27 Gesandtschaften sind in voller Rüstung angereist, ihrem König die Treue zu schwören.
Eine prunkvolle Zeremonie mit Barden, Feuerkünstlern und großer Begeisterung machte den ersten Abend des 5. bundesweiten Kurt-Hahn-Pokals zu einem großen Ereignis.
Bischof Dr. Karl-Heinz Wiesemann drückte den Kinder- und Jugendlichen seinen Respekt dafür aus, dass sie sich den anspruchsvollen Herausforderungen dieses ungewöhnlichen Wettkampfs stellen.
Auch der Bürgermeister von Hauenstein, Herr Bernhard Rödig, und Frau Gabriele Becker, die Leiterin der diesjährigen Gastgebereinrichtung, dem Jugendwerk St. Josef/Landau, waren gekommen um diesem ersten Abend bei zu wohnen.
Eben noch hatten die Gesandtschaften ihrem König den Treueid geleistet, da wurde Löwenherz vor ihren Augen von seinen Erzfeinden entführt. Das Entsetzen über diese Gräueltat war groß! Vier Tage hatten die 27 Gesandtschaften jetzt Zeit, alles zu tun, um ihren König zu finden und zu befreien.

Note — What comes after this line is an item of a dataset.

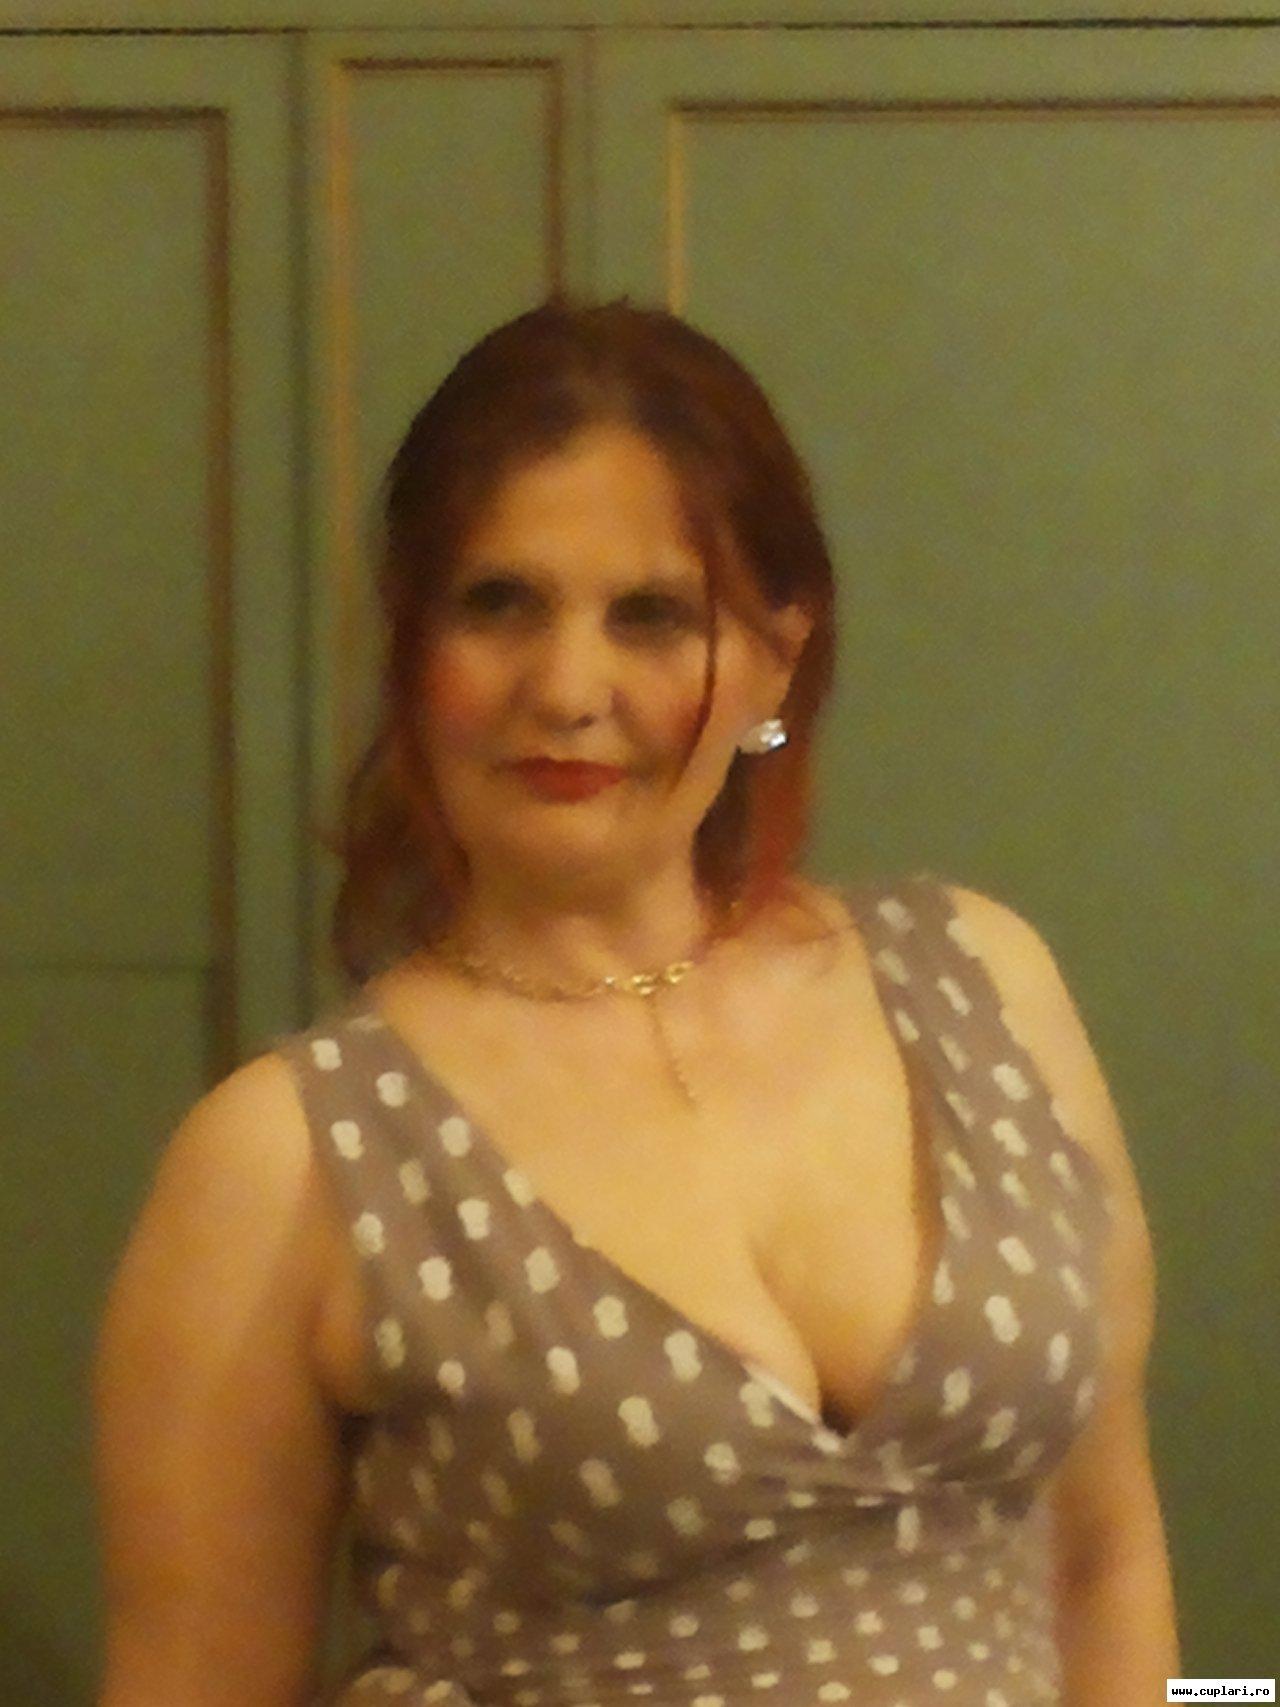 Femei frumoase din reghin. Matrimoniale Mures - Publiro

Die Gesandtschaft der fünf Paladine aus Welschbillig, dem Orden Don Bosco Helenenberg zugehörig, bestand aus den Knappen Kai Rüggeberg, Fabian Wolff, Rene Wilbert, Holger Sittmann und Guerino Mazzuca.
Um den entführten König zu befreien mussten sie einen Tag nach ihrer Ankunft, nur mit einer Karte ausgestattet, 23 km durch die Wälder um Hauenstein ziehen, um Hinweise auf den Aufenthaltsort des Königs zu finden. Dabei mussten sie Kordische Netze überwinden und Tjostkämpfe (Lanzenkämpfe) bestehen! Am ende des Tages schlugen sie inmitten des Waldes ihr Biwaklager auf, um gemeinsam die Nacht unter freiem Himmel zu verbringen.

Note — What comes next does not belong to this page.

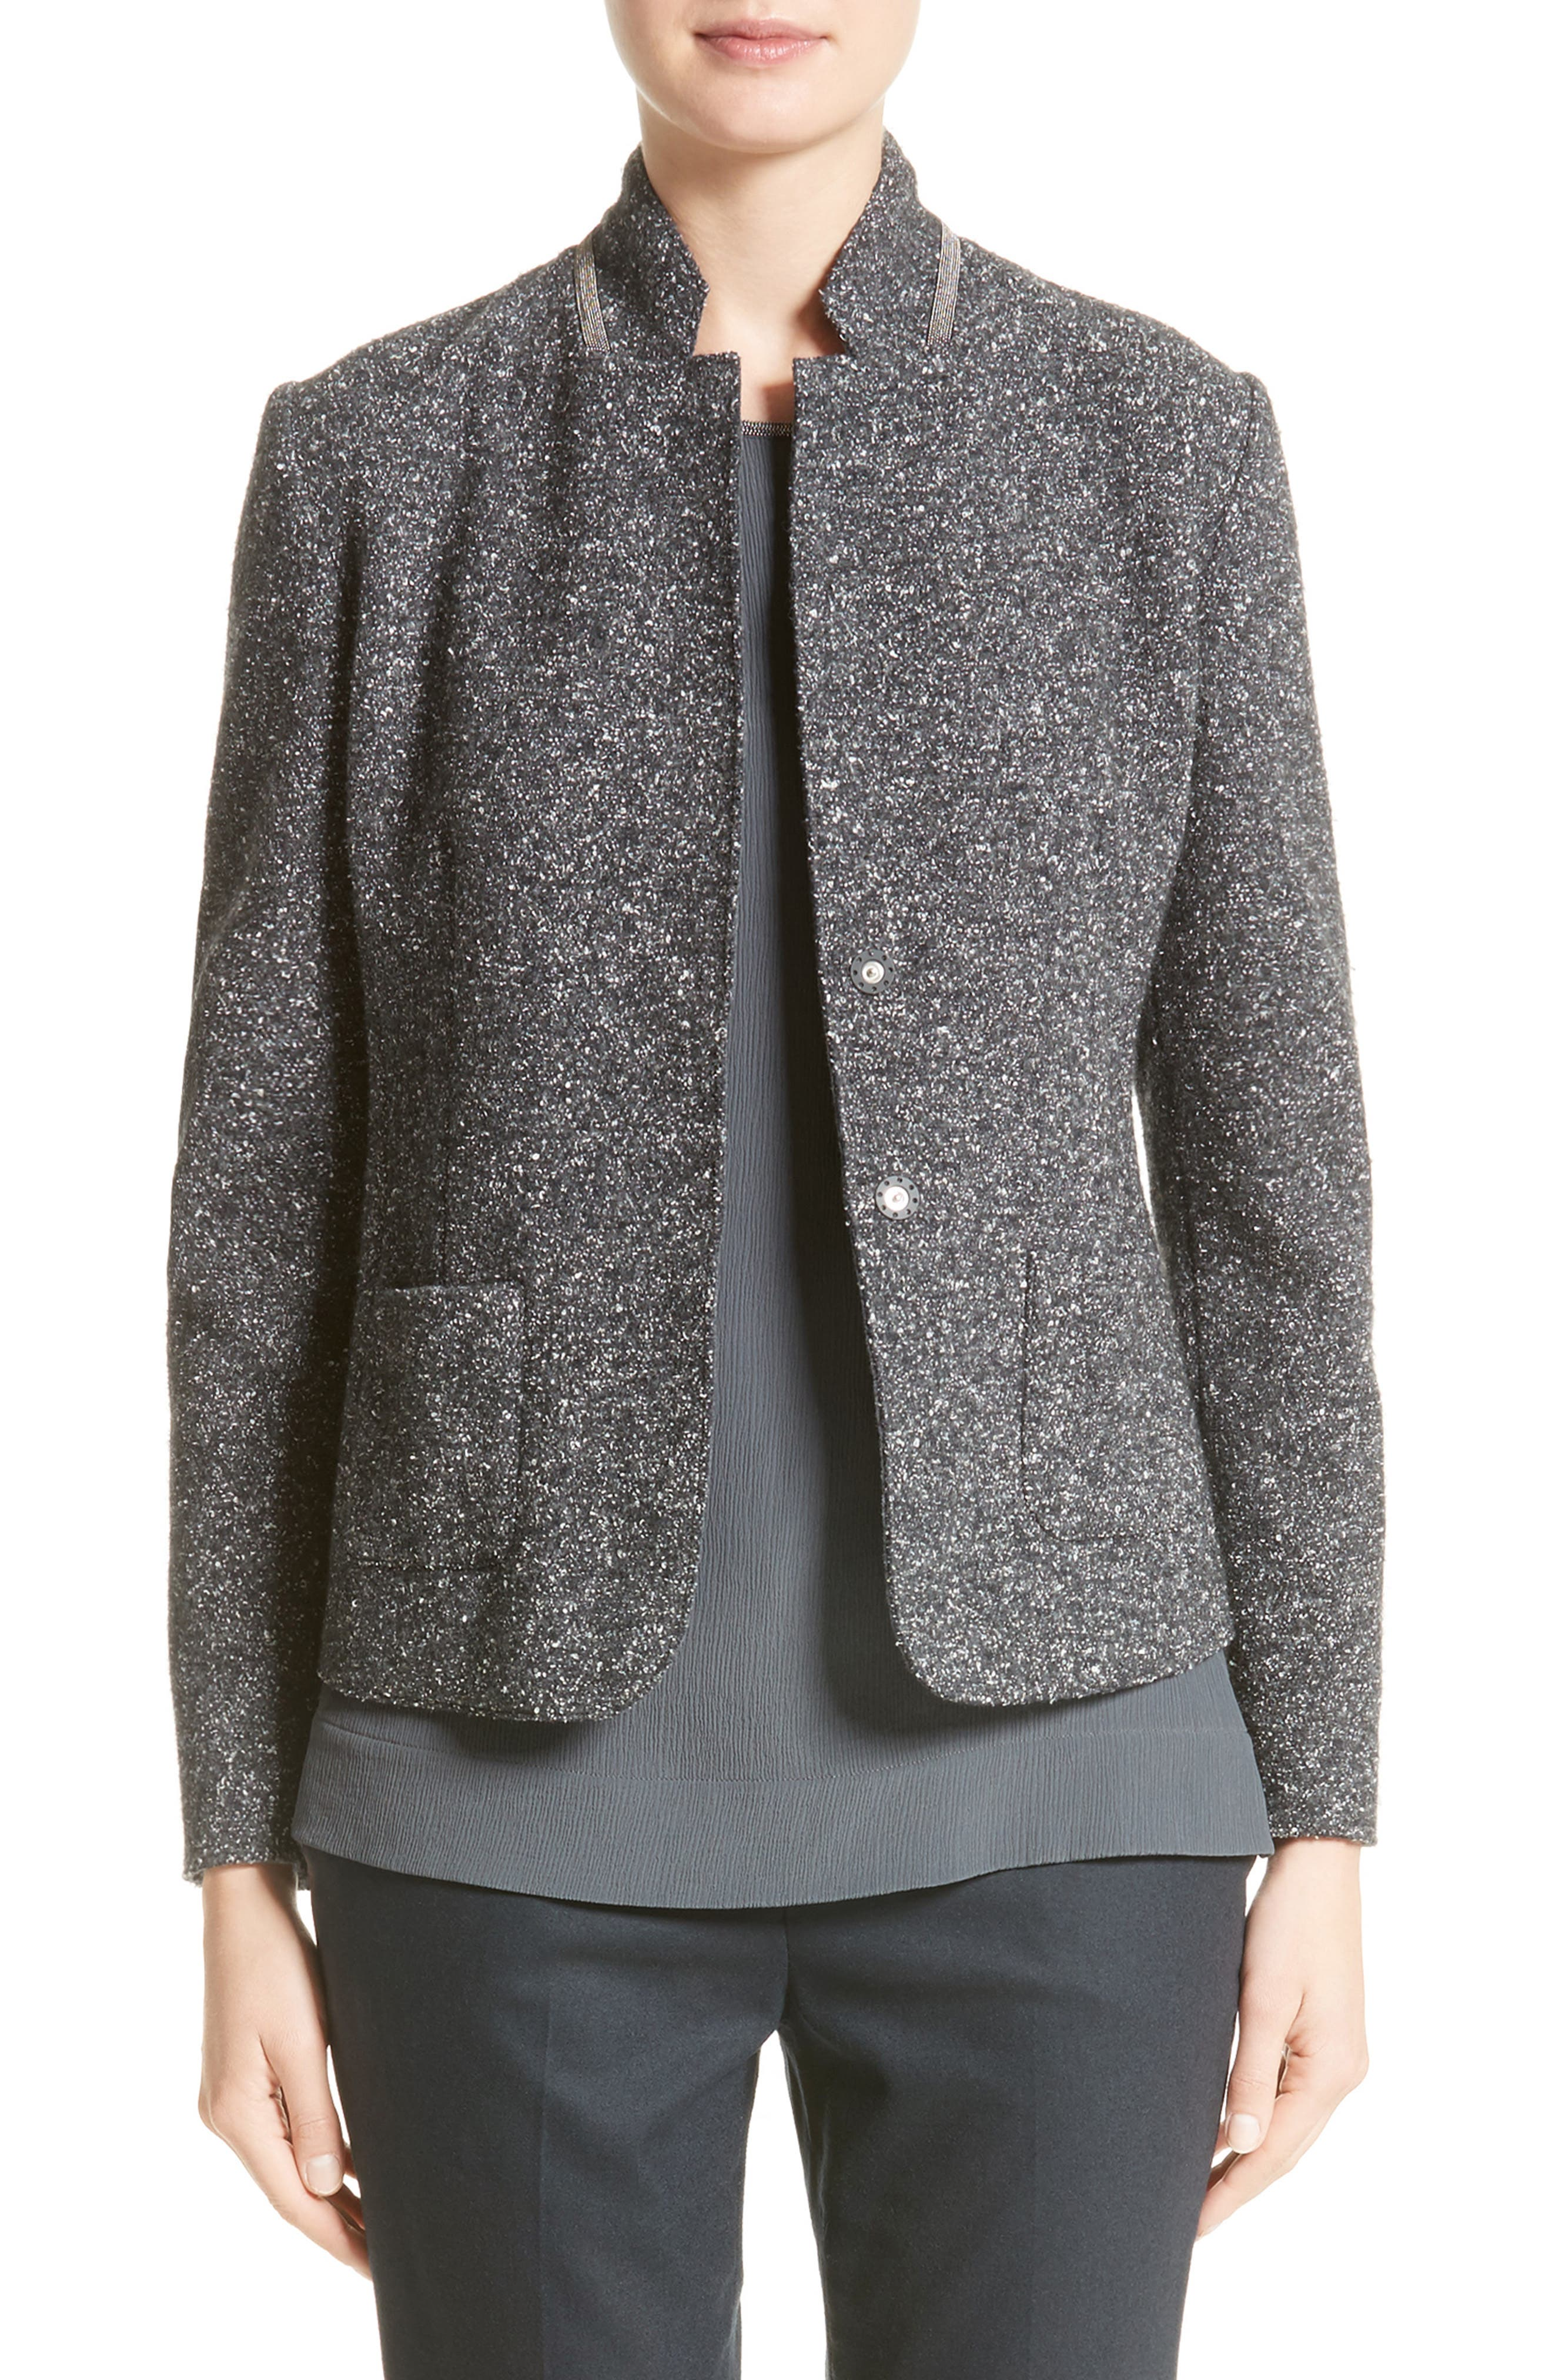 Pebble Tweed Knit Jacket,                         Main,                         color, Grey Multi

Am nächsten Tag ging es direkt aus dem Biwak zu Fuß zu den „steilen Felsen und hohen Zinnen“ der Pfalz! Hier mussten die fünf Paladine ihren Mut und Kletterkünste unter Beweis stellen um genügend Tafelsilber zu sammeln, welches als Lösegeld zur Befreiung des Königs gebraucht wurde. Äußerst erfolgreich kehrten sie abends in ihr Lager zurück.
Am dritten Tage nach Entführung des Königs mussten sie auf ihren Stahlrössern ihre Ausdauer und Geschicklichkeit beim Reiten dieser Rösser zeigen.

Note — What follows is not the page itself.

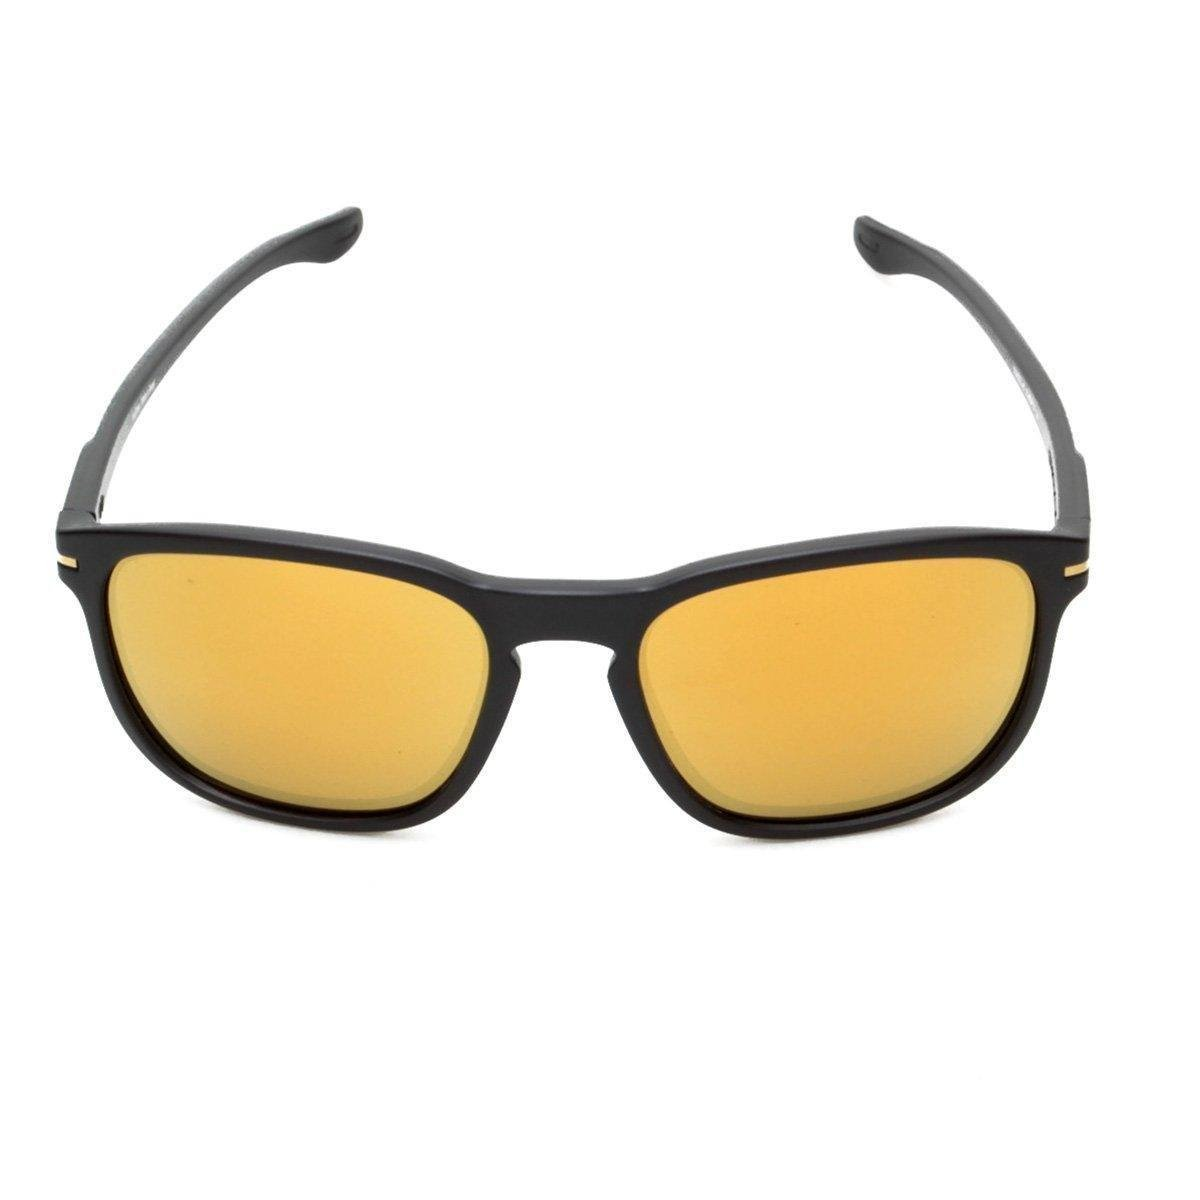 52501a8fe8d93 Óculos Oakley Enduro Iridium  Óculos Oakley Enduro Iridium ...

Es galt 60 km mit dem Fahrrad zurück zulegen. Dabei mussten sie immer wieder im Zeitfahren und bei Geschicklichkeitsübungen (erneut Tjostkämpfe, Axt werfen oder über einen See hangeln) beweisen, dass sie bereit sind, König Löwenherz zu befreien. „Die fünf Paladine“ aus Welschbillig zeigten dabei, dass sie äußerst geschickt aber vor allem sehr schnell mit ihren Stahlrössern umgehen konnten. So kamen sie an diesem Abend als zweites Team im Lager an.
Nun galt es sich auszuruhen, um am nächsten Tag den König zu befreien.
Am frühen „dies dominica“, machten sich die fünf Paladine auf den Weg zum „Drachenfelsen“ um ihren König zu befreien. Nach einem anstrengenden Zeitmarsch über 12 km erreichte man die Burgruine am „Drachenfels“ und befreite, zusammen mit den anderen Gesandtschaften und vereinten Kräften, König Löwenherz aus seinem Verließ!
Mit einer großen Zeremonie, vielen Gästen und einer großen Siegerehrung ging so der Kurt Hahn Pokal 2013, nach anstrengenden 5 Tagen zu ende.
Die Gesandtschaft der „fünf Paladine“ mit den Knappen; Kai Rüggeberg, Fabian Wolff, Rene Wilbert, Holger Sittmann und Guerino Mazzuca wurde in der 17 Teams starken Wertungsklasse der „Knappen“ zur viertbesten Gesandtschaft geehrt!
Den fünf Paladinen gilt ein hoher Respekt und Anerkennung für ihre außerordentliche Leistung. Da sie krankheitsbedingt mit einem „Knappen“ weniger als die restlichen Teams dem Wettkampf entgegentraten und diesen bravös meisterten!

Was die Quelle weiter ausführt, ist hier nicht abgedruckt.